Imagine Sherlock Holmes weaving his way through Mr. Boddy’s mansion and being shown the Clue cards held by different players as he moves through rooms. After a few turns, Sherlock pieces together bits of information and begins to believe Colonel Mustard committed the murder with the pistol in the dining room. He came to this conclusion because he’d previously been shown cards that Miss Scarlett and Mrs. White were innocent, and he noted that no one could produce the pistol card. He himself holds the cards for the candlestick, Professor Plum, and lead pipe and he surmises that you, the player to his left, hold the card for Mr. Green and the knife based on what you have shown others who made guesses about them. Based on the data he collected, his hypothesis is that Colonel Mustard is the killer. This is the equivalent of discovery research.

If this were a real murder mystery and not a board game, he might base his theory on data collected from interviews. Perhaps Colonel Mustard owed large sums of money to Mr. Boddy, the victim, and this desperation led to murder. In this case, Sherlock would use hypothesis testing to try to solve the mystery. He might look into Colonel Mustard’s finances or check his bank statements.
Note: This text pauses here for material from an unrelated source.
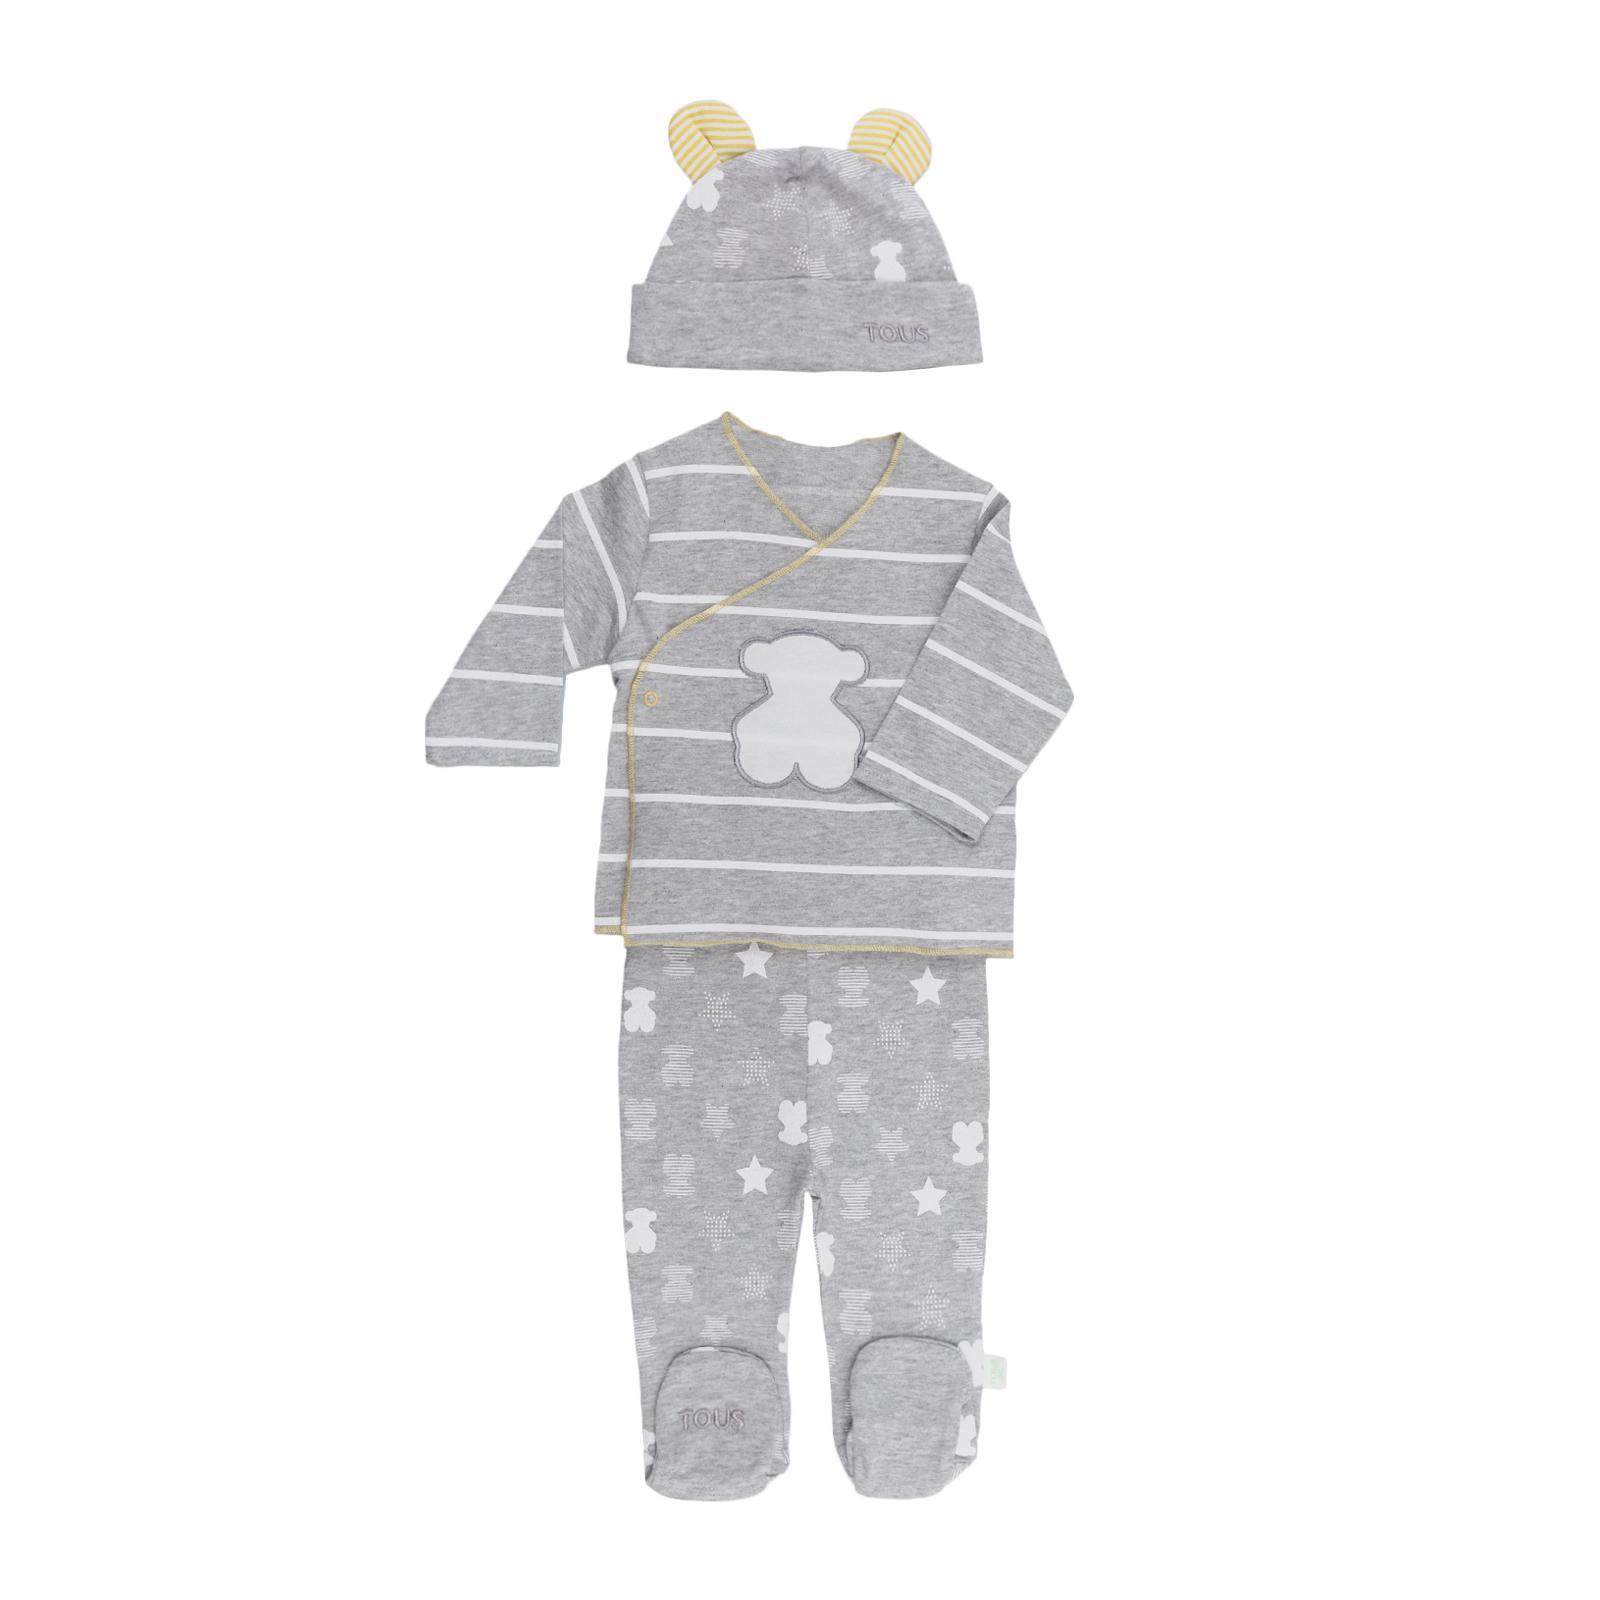 Conjunto recién nacido Baby Tous mod. SBear color gris.

He might search the victim’s desk for any evidence of conflict with Colonel Mustard over money. He might ask the Colonel’s daughter where he was the night of the murder or go to the local gun store to see if the Colonel has made a recent purchase. While completely valid, a weakness of this approach is that Colonel Mustard may not be the killer. The approach may clear the good Colonel, and no one will be falsely accused (a “false positive” as we say in research and medicine”), but in the process, time has been wasted. There are 5 other potential killers—Mrs. Peacock, Mr. Green, Professor Plum, etc. While Sherlock is gathering evidence for the Colonel, he is ignoring their possible roles in the murder. If the killer is Mr. Green, then there may even be an awkward moment when Sherlock looks through the cards in the answer envelope to learn he is wrong. But this is what hypothesis testing is all about, and sometimes scientists are wrong. If Sherlock has the correct hypothesis, he will find the killer, but if he is wrong, the true killer may get away.
“Compared to exposomics, traditional environmental health by itself is incremental and slow. While a bit simplified, the game of Clue intuitively shows that data collection and inductive reasoning leads to deductions that in turn cause us to test hypotheses. This is how exposomics and environmental health can work together”.
Dr. Robert Wright
Prior to the advent of discovery science, there was a tendency to be singularly deductive in science and focus on hypothesis testing for a very small number of risk factors. Instead of searching for new clues, we simply took what we already knew and reapplied it in a slightly different fashion. This is why there are tens of thousands of studies that focus on a handful of environmental factors, such as smoking, lead poisoning, phthalates, and air pollution, even though we know there are millions of important environmental factors in our lives. This ad hoc approach of sticking to what we already understand slows down scientific progress and limits our understanding of how environment impacts health.
Combining tools
Compared to exposomics, traditional environmental health by itself is incremental and slow. While a bit simplified, the game of Clue intuitively shows that data collection and inductive reasoning leads to deductions that in turn cause us to test hypotheses. This is how exposomics and environmental health can work together. We can be inductive by collecting evidence without a hypothesis (exposomics), analyze that evidence to try to piece together what is happening, weed out extraneous information, and deduce a hypothesis that we can rigorously test (environmental health).